__EXERCISE PROMPT__
Would you retype the whole listing verbatim, keeping pictures out of it?

__AVAILABLE DATA__

:::

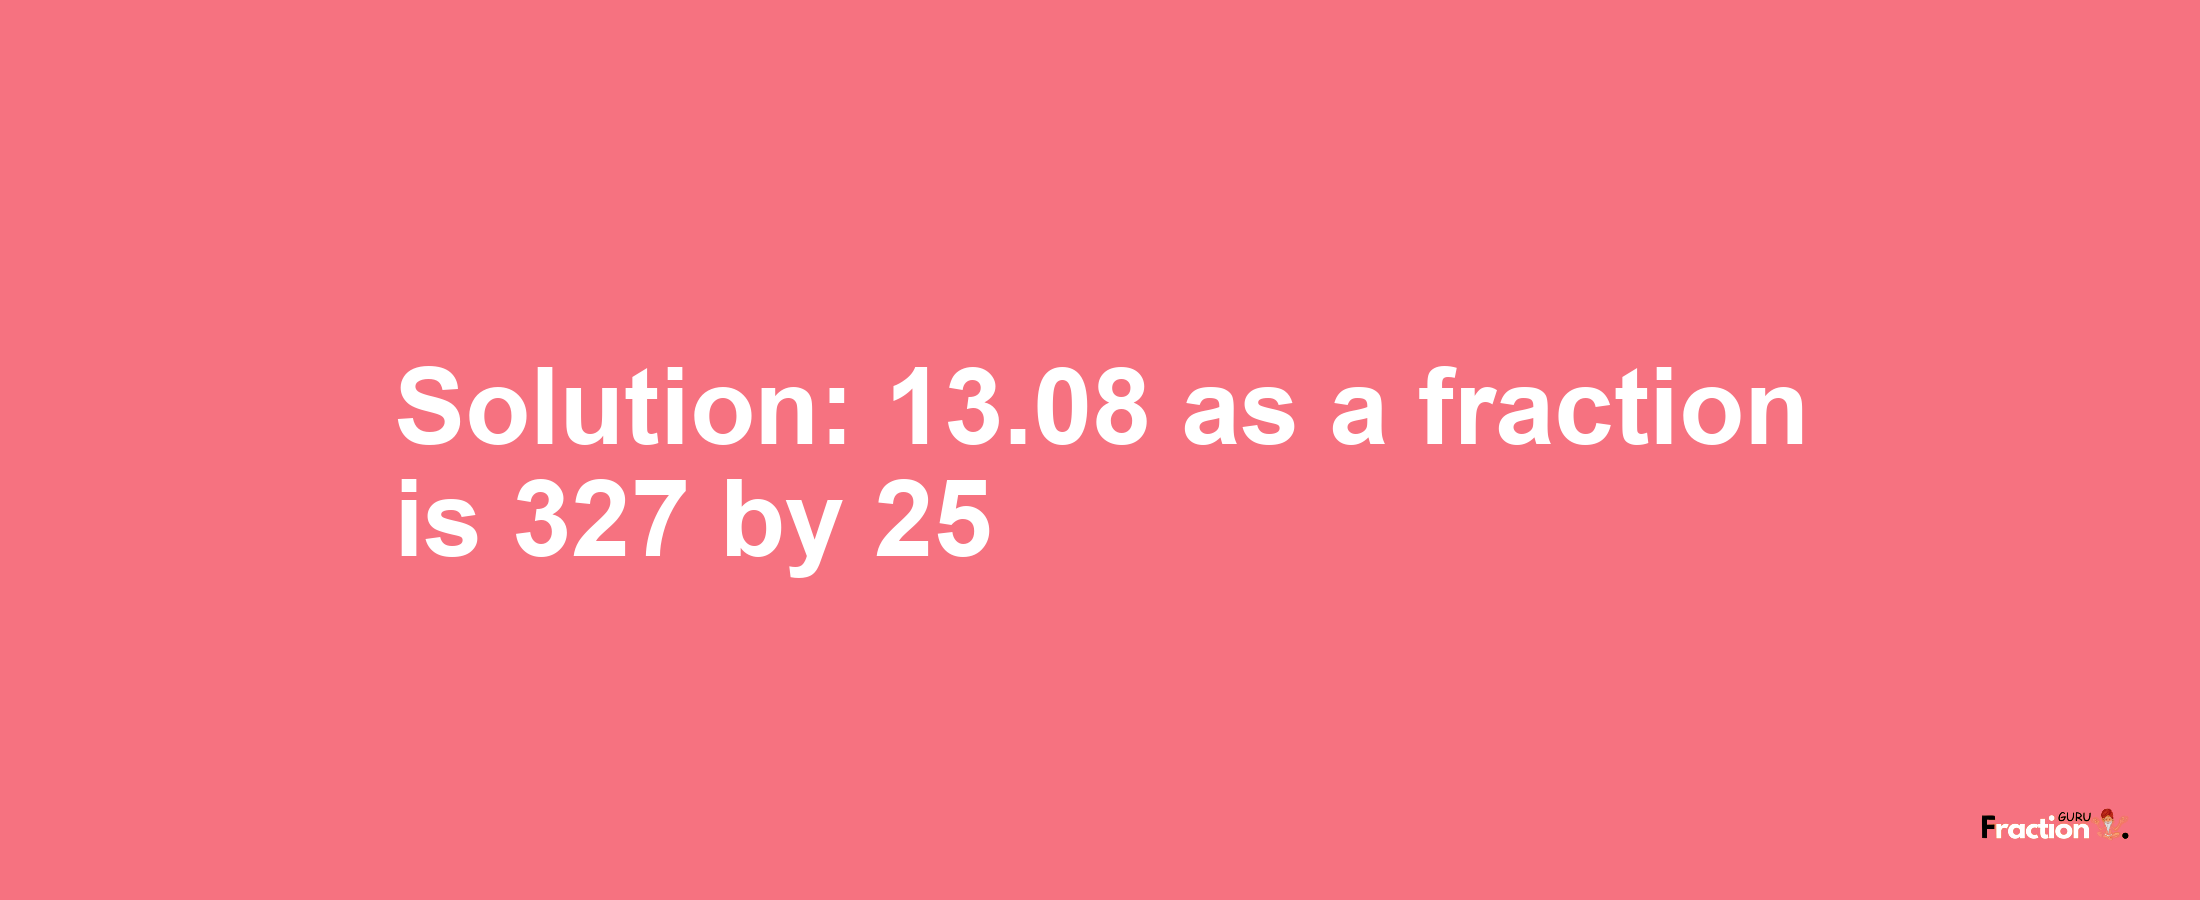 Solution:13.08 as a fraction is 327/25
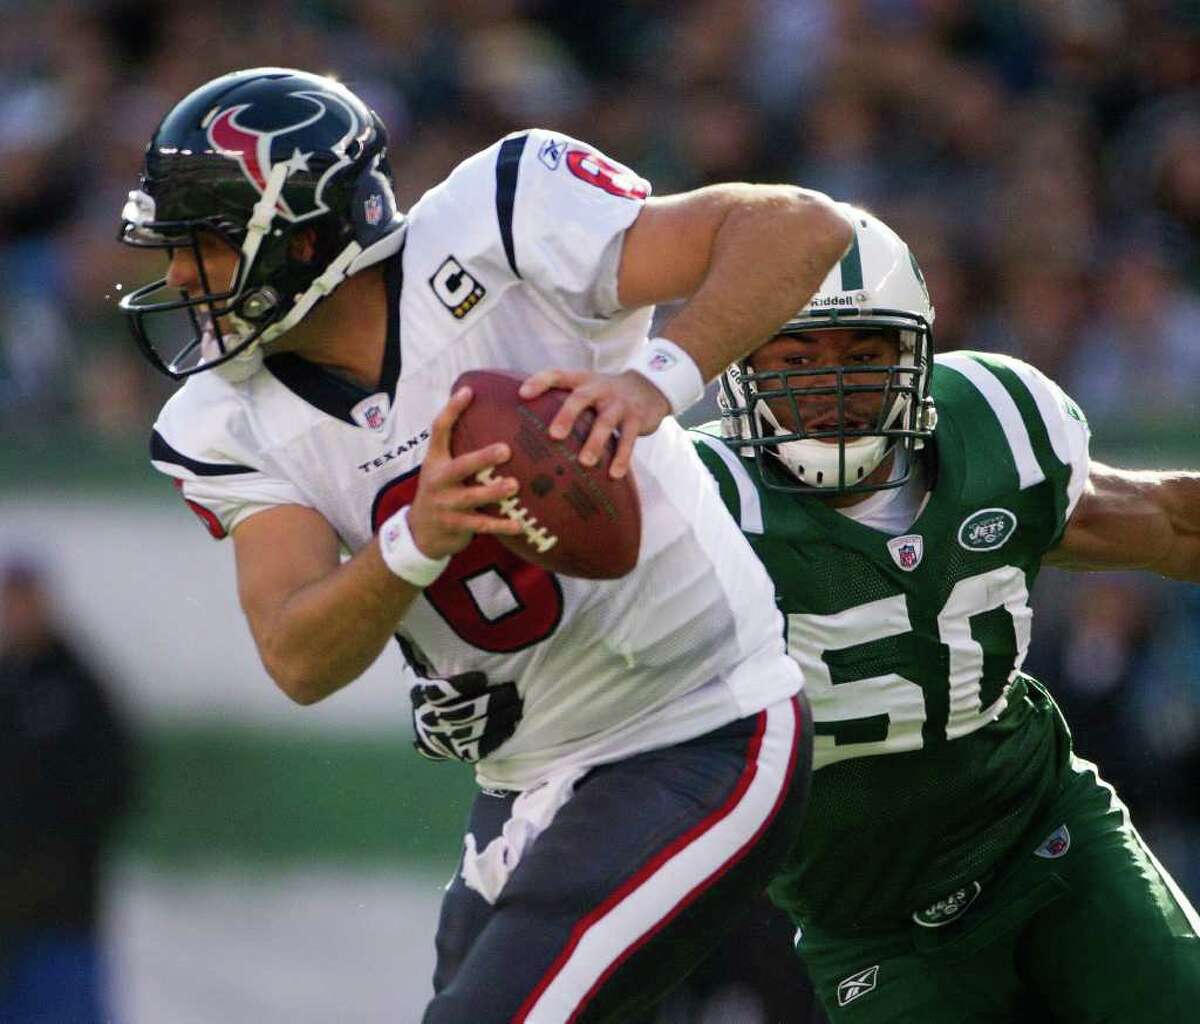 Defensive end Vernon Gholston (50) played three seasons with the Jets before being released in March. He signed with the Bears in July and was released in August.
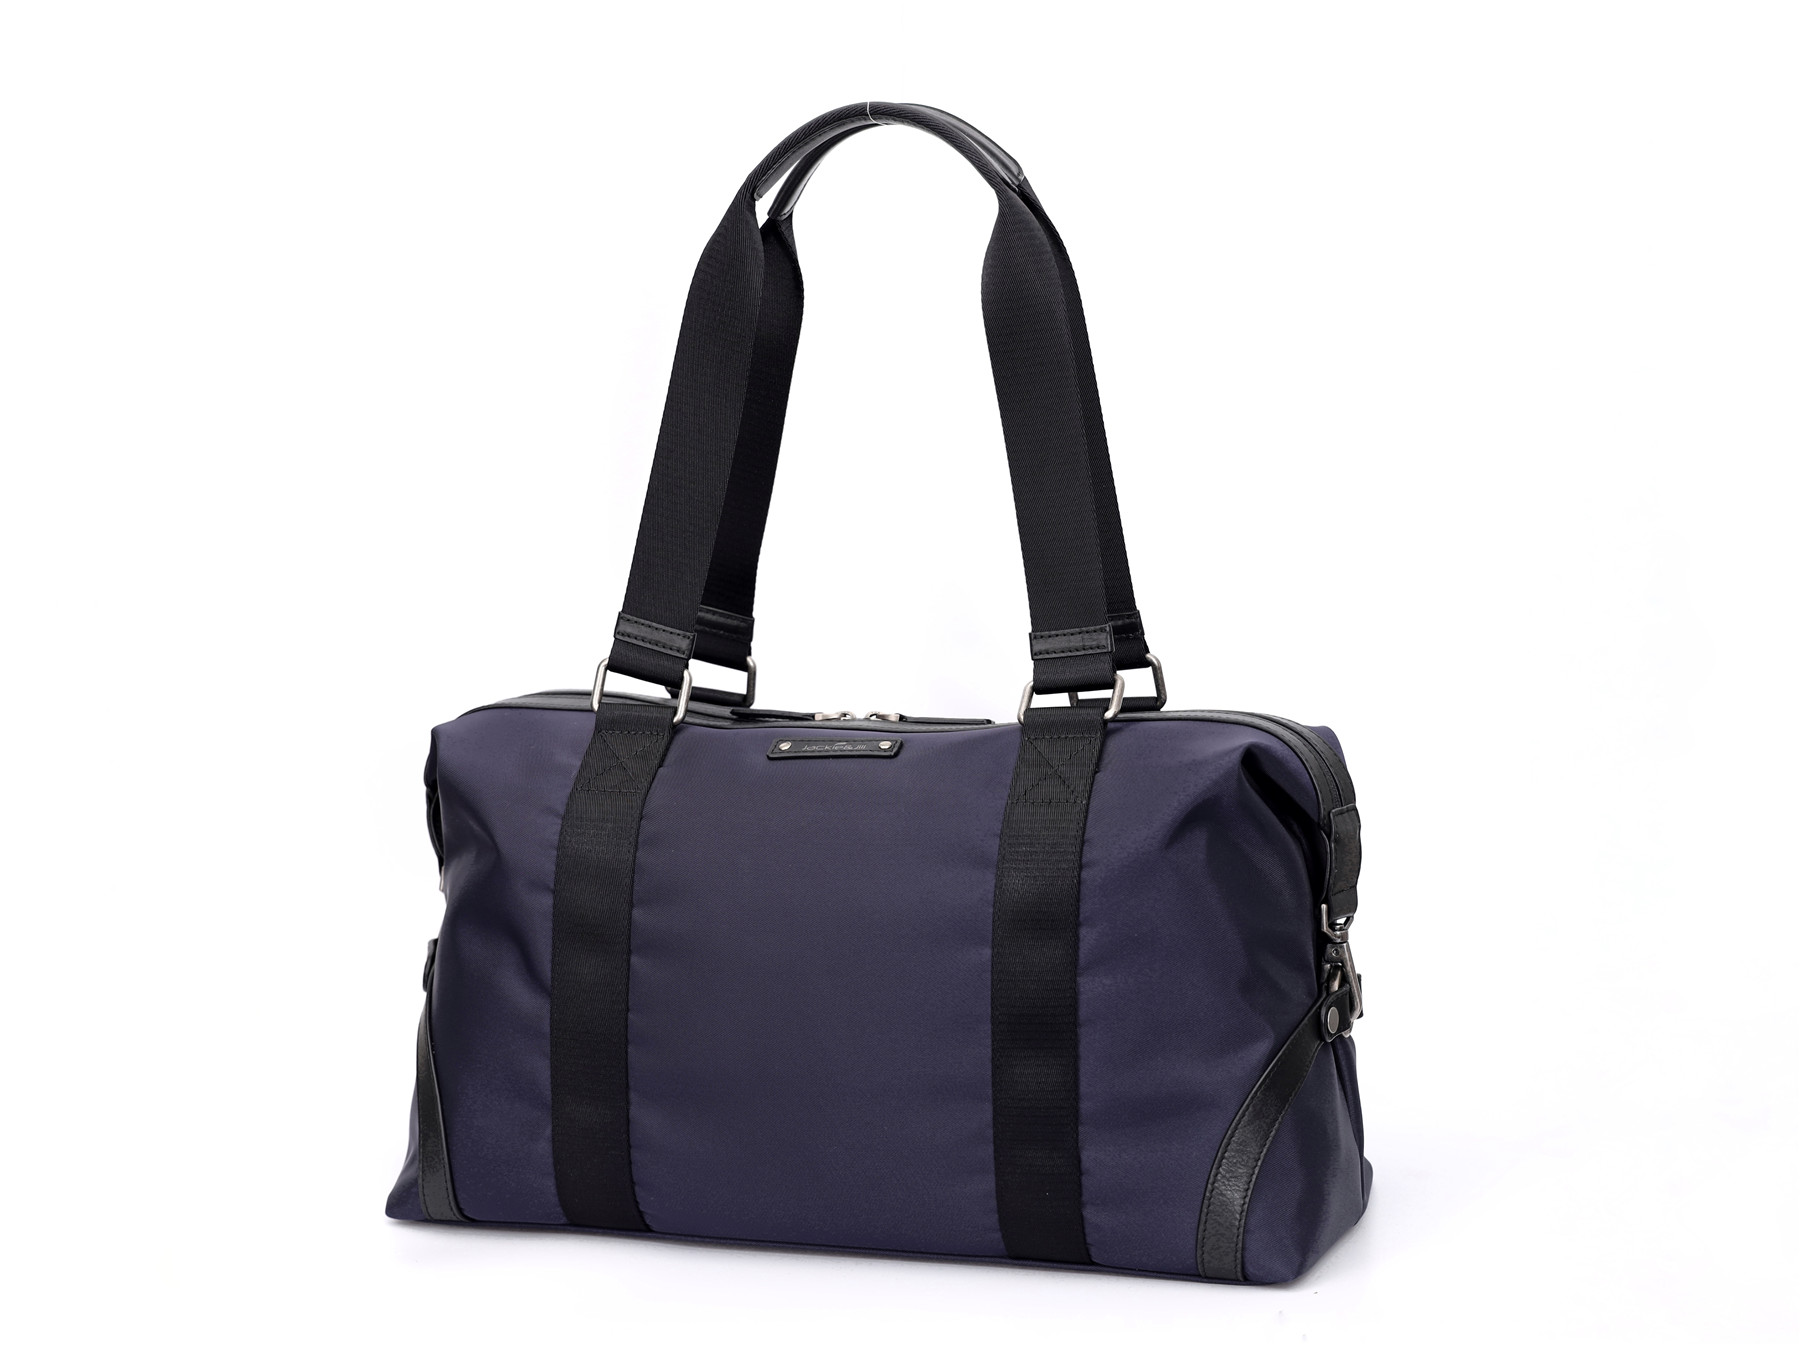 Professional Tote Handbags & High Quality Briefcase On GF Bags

:::

__SOLVED EXERCISE__
 Solution:13.08 as a fraction is 327/25
 Defensive end Vernon Gholston (50) played three seasons with the Jets before being released in March. He signed with the Bears in July and was released in August.
 Professional Tote Handbags & High Quality Briefcase On GF Bags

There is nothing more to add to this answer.